Ambarella (NASDAQ: AMBA) shares are trailing the market by a wide margin this year. The camera tech specialist surprised investors by lowering its sales outlook in early September, and the new forecast puts it on track for a second straight year of declining revenue. That's a problem for a stock that's priced for rapid growth.
Recently, I highlighted a few reasons Ambarella could continue struggling. Today, I'll look at the other side of the trade: the best reasons to be bullish about its long-term growth potential.
The case for patience
Ambarella has a deep bench when it comes to developing technology around video processing and delivery. Its core engineering team has worked together for over 15 years, and these specialists have produced several innovations that pushed the industry forward, including the first ultra-high-definition system-on-a-chip and a widely used video compression platform.

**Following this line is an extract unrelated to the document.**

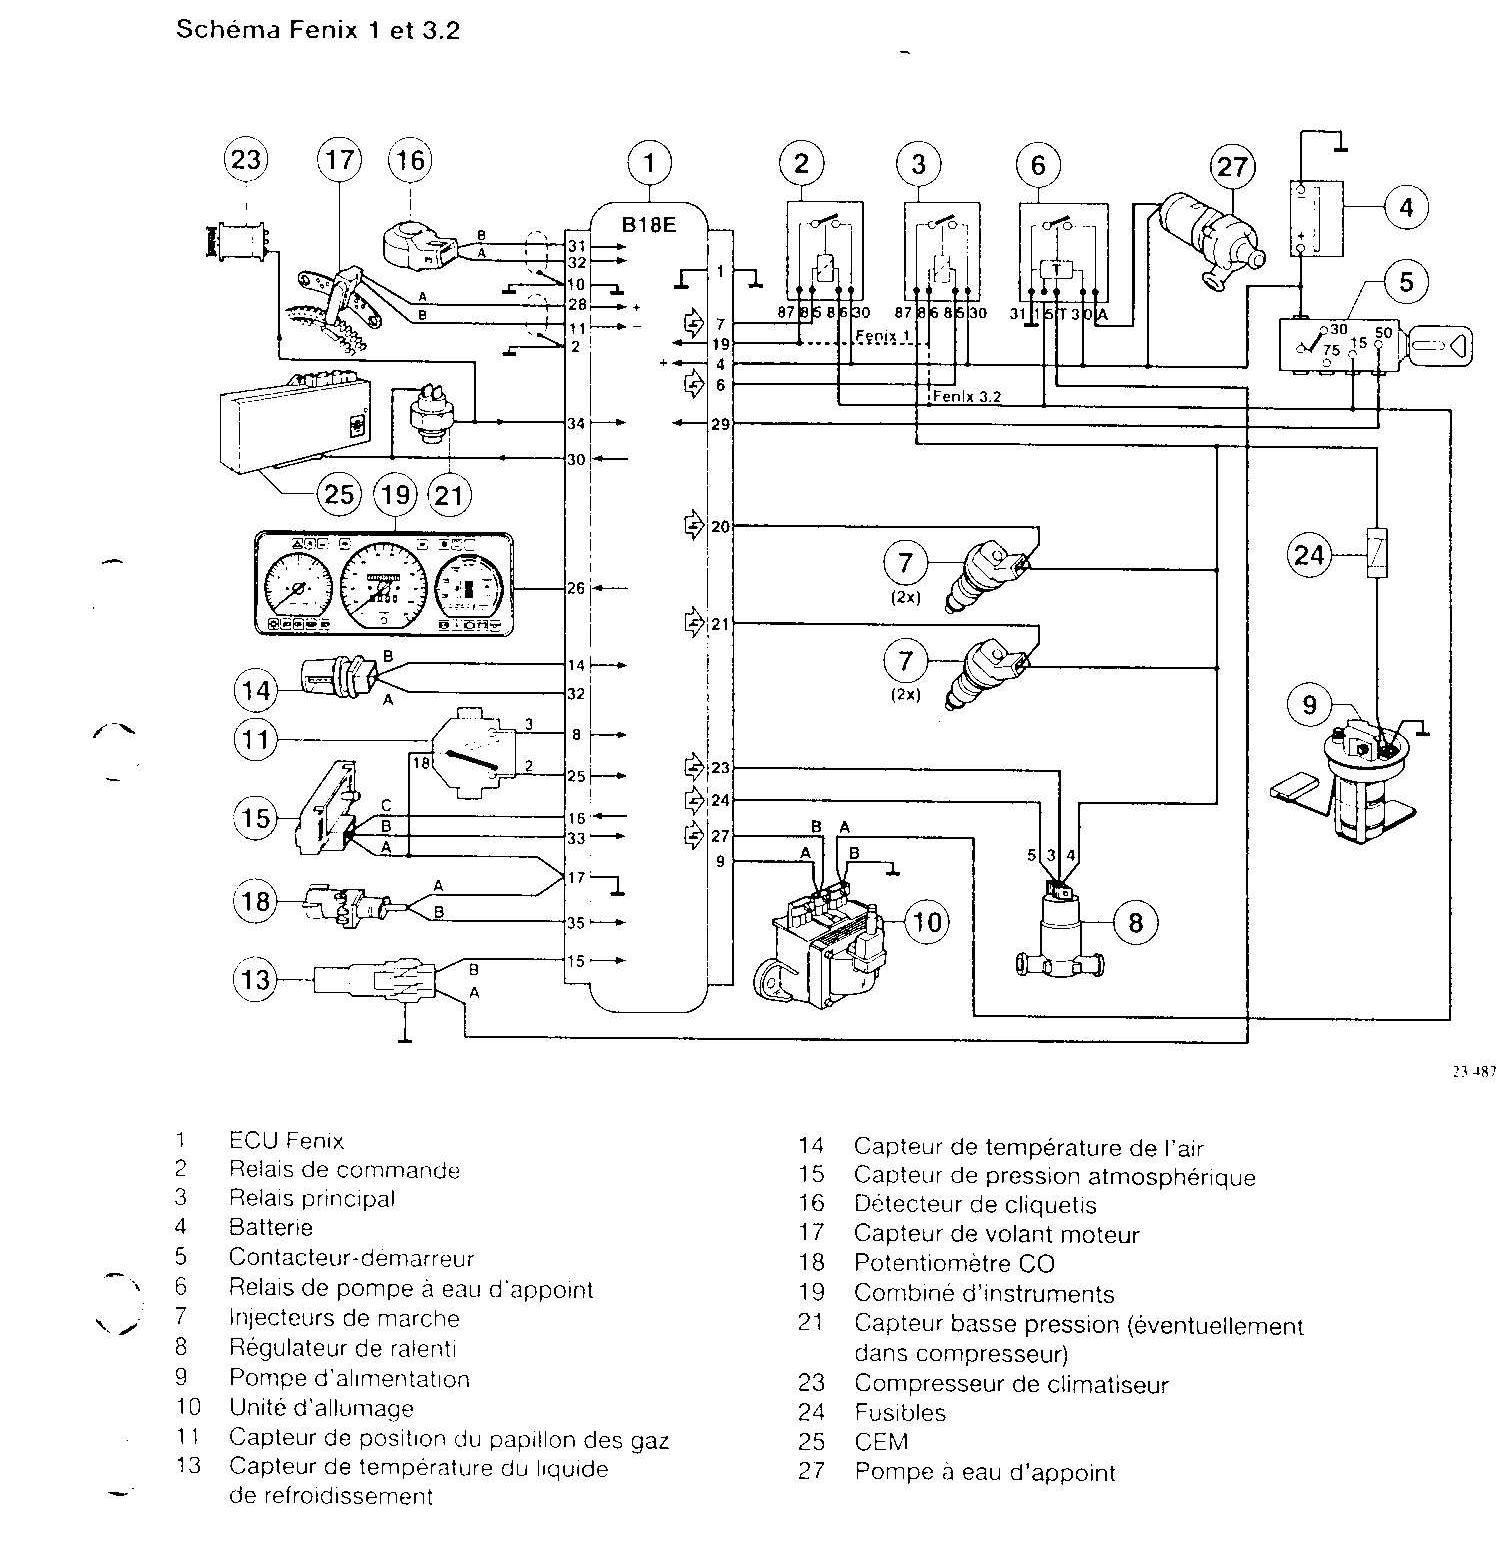 saab schema moteur volvo 400

This central team is surrounded by a company that's built for innovation. Over 80% of Ambarella's employee base is dedicated to engineering. Management devotes over $100 million, or one third of sales, to research and development.
This type of work often takes years to commercialize, and it doesn't often translate into consistent revenue gains. But Ambarella has plenty of good company in this struggle. NVIDIA (NASDAQ: NVDA), a key competitor in the drone market, endured a 4% revenue decline in 2014 and a minor uptick in 2016 before sales growth really caught on in the most recent fiscal year.
NVIDIA's success doesn't mean Ambarella will enjoy similar gains, but it's a good reminder that design innovation takes time.
Extending its reach
NVIDIA's phenomenal growth was powered by success at extending its chip design dominance beyond PC graphics and into high-growth fields like visual computing, AI, and automobile tech. Ambarella has a similar strategy at work today, with management doing its best to diversify into areas far from the sports camera field that has driven sales growth lately.
The company is casting a wide net right now. This year, its technology has been featured in new products ranging from body-worn police cameras to home security cameras with advanced face recognition, to HD baby monitors. It continues to push deeper into the drone niche, even though industry leader DJI went with a competitor's solution for its flagship Spark product. Ambarella's tech made its way into Garmin's latest dashboard camera, which records a 180-degree view in front of an automobile while also detecting a collision risk.
None of these products are likely to spark quick sales gains for the company. The drone segment should shrink this year, in fact, and the emerging virtual reality segment isn't growing as quickly as management had expected. These disappointments formed the basis for Ambarella's new revenue target calling for sales to drop by 5% at the midpoint of guidance rather than hold steady, as they had predicted earlier.
The good news for investors is that the wide application of its technologies in new products supports the idea that Ambarella is still leading in camera tech semiconductor design. Looking ahead, executives are excited about the long-term potential in the field of computer vision, and the company is rolling out its first comprehensive chip solution to meet that need right now. If everything goes according to plan, this will be just the first of many generations of computer vision hardware that Ambarella releases over the next few years as it builds on the early, but fragile, lead it enjoys in low-power, high-definition video camera tech.